IF OBJECT_ID('tempdb..#cosTAble') IS NOT NULL
DROP TABLE #cosTable
DECLARE #cosTable2 TABLE (
ID INT IDENTITY
,co_num CoNumType
,co_line CoLineType
,co_release CoReleaseType
,date_seq DateSeqType
,ship_date DateType
,inv_num NVARCHAR(14)
)
DECLARE
#co_num_ck CoNumType
,#co_line_ck CoLineType
,#co_release_ck CoReleaseType
DECLARE #Counter1 INT = 0
SELECT cos.co_num, cos.co_line, cos.co_release, cos.date_seq, cos.ship_date, cos.qty_invoiced, pck.inv_num
INTO #cosTable
FROM co_ship cos
LEFT JOIN pckitem pck
ON cos.pack_num = pck.pack_num
AND cos.co_num = pck.co_num
AND cos.co_line = pck.co_line
AND cos.co_release = pck.co_release
;WITH cos_Order
AS(
SELECT co_num, co_line, co_release, qty_invoiced, date_seq, ship_date, ROW_NUMBER () OVER (PARTITION BY co_num, co_line, co_release ORDER BY ship_date) AS cosrow
FROM co_ship
WHERE qty_invoiced > 0
),
invi_Order
AS(
SELECT inv_num, co_num, co_line, co_release, ROW_NUMBER () OVER (PARTITION BY co_num, co_line, co_release ORDER BY RecordDate) AS invirow
FROM inv_item
WHERE qty_invoiced > 0
),
cos_invi
AS(
SELECT cosO.*, inviO.inv_num
FROM cos_Order cosO
LEFT JOIN invi_Order inviO
ON cosO.co_num = inviO.co_num AND cosO.co_line = inviO.co_line AND cosO.cosrow = inviO.invirow)
INSERT INTO #cosTable2
SELECT cosT.co_num, cosT.co_line, cosT.co_release, cosT.date_seq, cosT.ship_date, COALESCE(cosT.inv_num,'*'+cosi.inv_num) AS inv_num
FROM #cosTable cosT
LEFT JOIN cos_invi cosi
ON cosT.co_num = cosi.co_num
AND cosT.co_line = cosi.co_line
AND cosT.co_release = cosi.co_release
AND cosT.date_seq = cosi.date_seq
AND cosT.ship_date = cosi.ship_date
WHILE #Counter1 < (SELECT MAX(ID) FROM #cosTable2) BEGIN
SET #Counter1 += 1
SET #co_num_ck = (SELECT co_num FROM #cosTable2 WHERE ID = #Counter1)
SET #co_line_ck = (SELECT co_line FROM #cosTable2 WHERE ID = #Counter1)
SET #co_release_ck = (SELECT co_release FROM #cosTable2 WHERE ID = #Counter1)
IF EXISTS (SELECT * FROM #cosTable2 WHERE ID = #Counter1 AND inv_num IS NULL)
UPDATE #cosTable2
SET inv_num = '^' + (SELECT TOP 1 inv_num FROM #cosTable2 WHERE
#co_num_ck = co_num AND
#co_line_ck = co_line AND
#co_release_ck = co_release)
WHERE ID = #Counter1 AND inv_num IS NULL
END
SELECT * FROM #cosTable2
ORDER BY co_num, co_line, co_release, date_seq, ship_date
You're in a bad spot - as #craig.white and #HLGEM suggest, you've inherited something without sufficient constraints to make the data correct or safe...and now you have to "synthesize" it.
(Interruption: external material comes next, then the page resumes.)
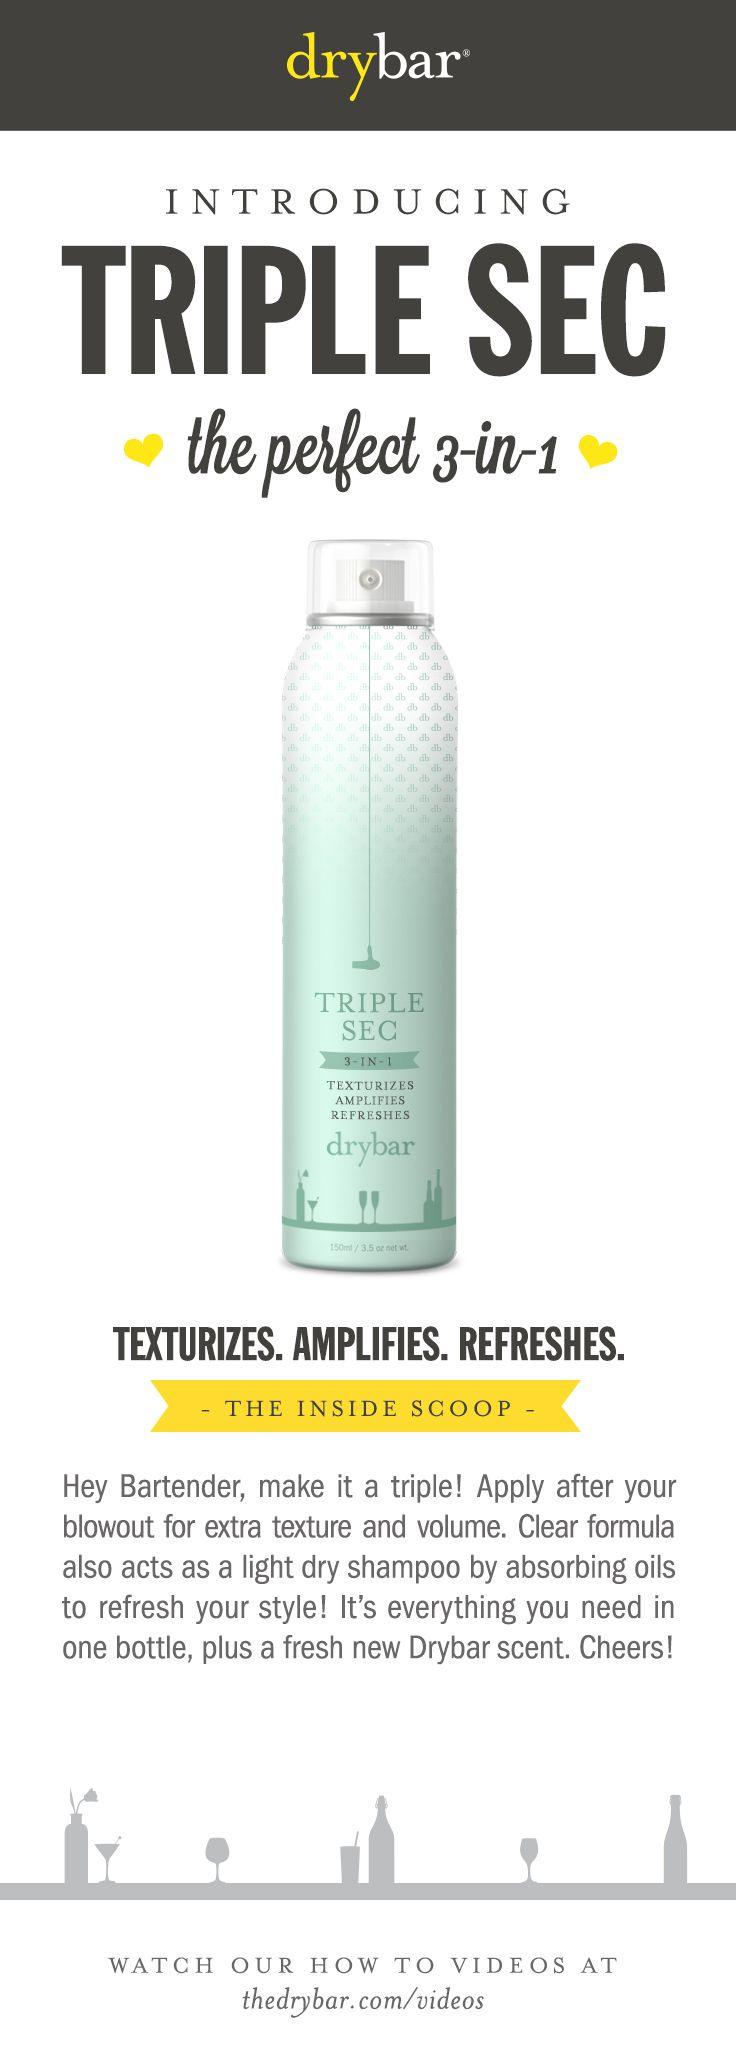 Hair Drybar TripleSec Beauty Sephora Make up Pinterest

I get that guesses are the best you can do, and you can, at least make your guesses reasonable performance-wise.
After that, you should squeal loudly to get some time to fix the db - to apply the constraints needed to prevent further crapification of the data.
Performance-wise, the while loop is a disaster. You'd be better off replacing that whole mess with a single update statement...something like:
update c0
set inv_nbr = '^' + c1.inv_nbr
from
#cosTable2 c0
left outer join
(
select
co_num,
co_line,
co_release,
inv_nbr
from
#cosTable2
where
inv_nbr is not null
group by
co_num,
co_line,
co_release,
inv_nbr
) as c1
on
c0.co_num = c1.co_num and
c0.co_line = c1.co_line and
c0.co_release = c1.co_release
where
c0.inv_num is null
...which does the same thing the loop does, only in a single statement.
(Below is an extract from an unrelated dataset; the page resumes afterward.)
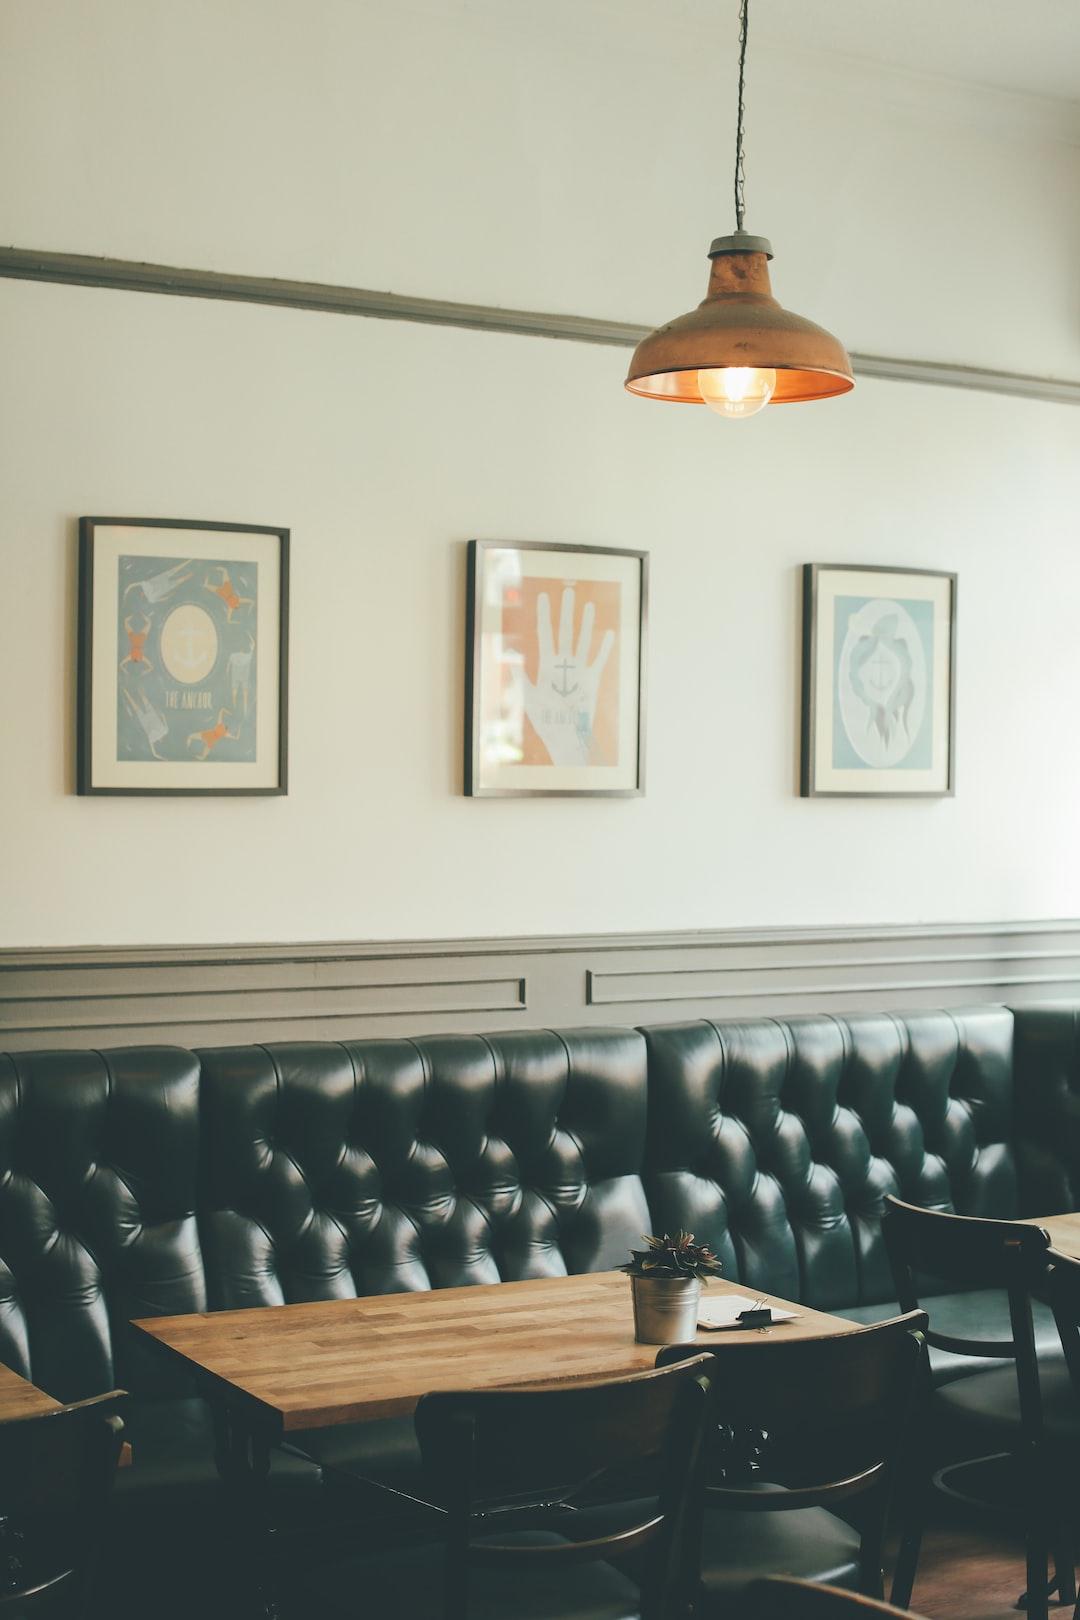 Leather sofa in a café

It seems to me that you are trying very hard to solve a problem that should not exist. What you describe is an unfortunately common situation where a process has grown organically without intent and specific direction as a business has grown which has made data extraction near impossible to automate. You very much need a set of policies and procedures- For (very crude and simple) example:
1: An Order must exist before a packing slip can be generated.
2: a packing slip must exist before an invoice can be generated.
3: an invoice is created using data from the packing slip and order (what was requested, what was picked, what do we bill)
-Again, this is a crude example just to illustrate the idea.
All of the data MUST be entered at the proper time or someone has not done their job.
It is not in the IT departments typical skillset to accurately and consistently provide management good data when such data does not exist.